An example of the kind of success found at GSS is Kate Bohunnis, the winner of the 2021 $100,000 Ramsay Art Prize. Kate was another Helpmann Academy-funded George Street Studio resident in 2019, who stayed on in the space for an additional three years.

Kate made the award-winning work Edges of Excess at GSS, and tells CityMag the wealth of fabrication knowledge percolating in the Thebarton tin shed has “hugely impacted my practice.”

“The technical skills and material knowledge I have developed over this time will continue to benefit my work for years to come,” Kate, who identifies as non-binary, says.
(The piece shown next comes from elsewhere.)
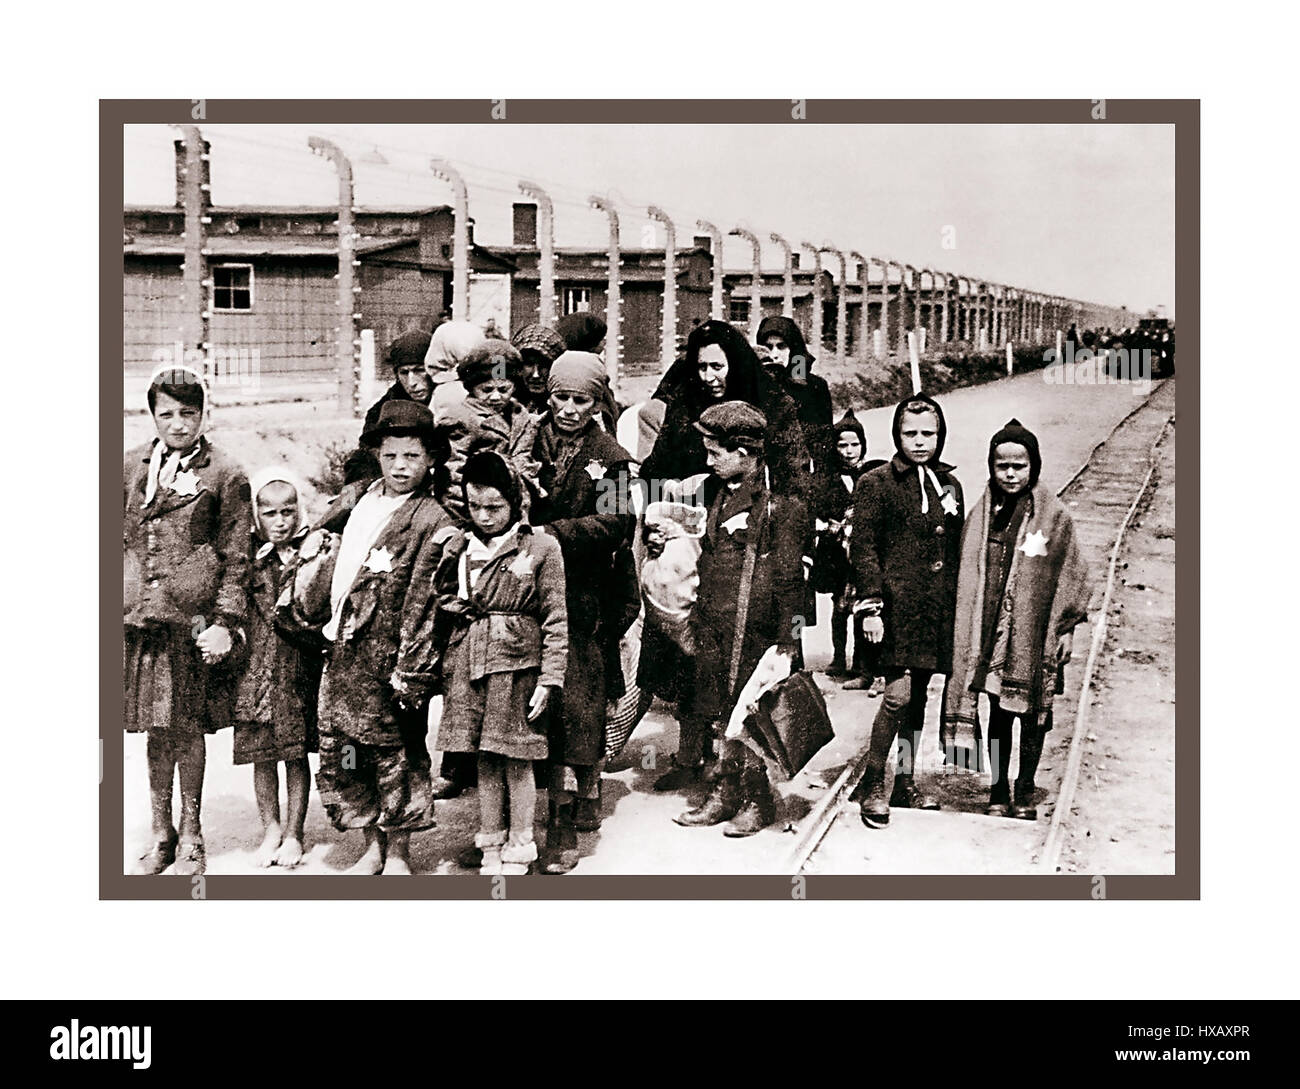 Auschwitz-Birkenau. Des enfants juifs portant des étoiles jaunes désignées par les nazis arrivent à Auschwitz-Birkenau. Un camp allemand de concentration et d'extermination nazi en WW2. Les enfants juifs constituent le plus grand groupe de personnes déportées dans le camp. Ils y ont été envoyés avec des adultes, à partir du début de 1942, dans le cadre de la « solution finale de la question juive » La destruction totale de la population juive d'Europe... le camp de concentration d'Auschwitz était un réseau de camps de concentration allemands nazis et de camps d'extermination construits et exploités par le troisième Reich dans les zones polonaises annexées par l'Allemagne nazie en WW2 Banque D'Images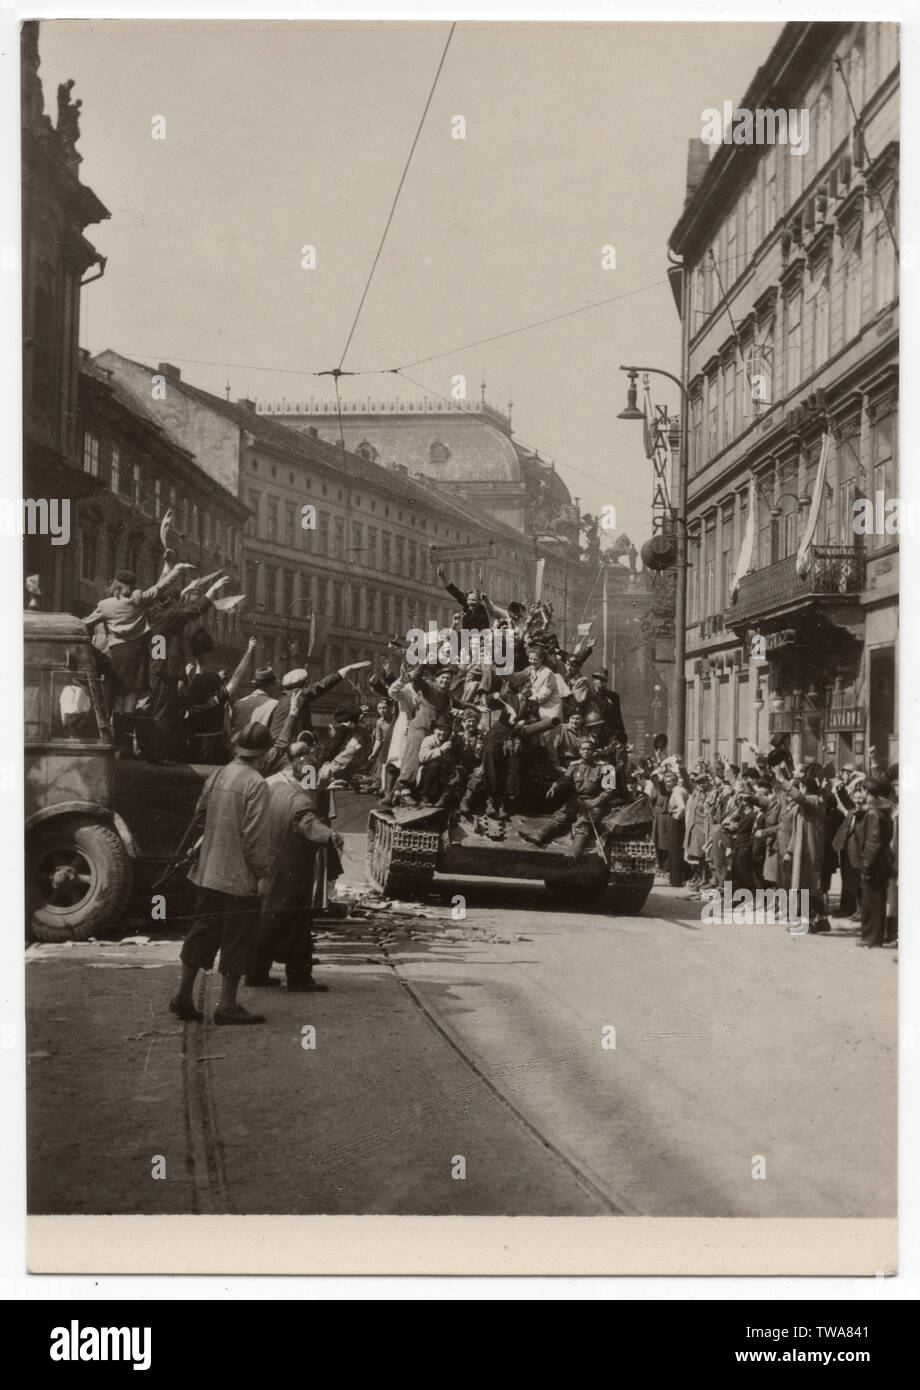 Armata rossa serbatoio T-34 in Národní Avenue (Národní třída) a Praga, Cecoslovacchia, il 9 maggio 1945. Fotografia in bianco e nero pubblicato in cecoslovacco cartolina vintage rilasciati nel 1955. La cortesia dell'Azoor Collezione Cartoline. Foto Stock

“It is extremely rare to find a workshop that blends fabrication with experimental and contemporary art and even rarer again to find one that is welcoming to women and non-binary people.”

Jane McFarlane, CEO of the Helpmann Acadamy, tells CityMag that GSS is vital for Adelaide’s emerging artists because it offers a “dedicated studio, outside of an artist’s usual surroundings”.

“The artists we have supported, all comment on the generosity of ideas and skill sharing, the camaraderie and the incredible learning curve they have at George Street through their immersion into studio life,” she says.

Some of the magic that GSS forged won no awards.

Eleanor fondly recalls group activities, such as the Wobbly Chair Affair, where the multidisciplinary makers had an hour to fashion a stool out of unorthodox materials. They then had to sit on their said stools while they enjoyed a formal dinner, where “some chairs survived and some didn’t,” Eleanor says, laughing.

These moments were just as important as the accolades. It’s because it demonstrated when “people’s ideas become real,” she says.

“I feel like so many of us have had really ambitious ideas that couldn’t be actualised until we came to a space with people that have the maths brain to help us and make it happen.”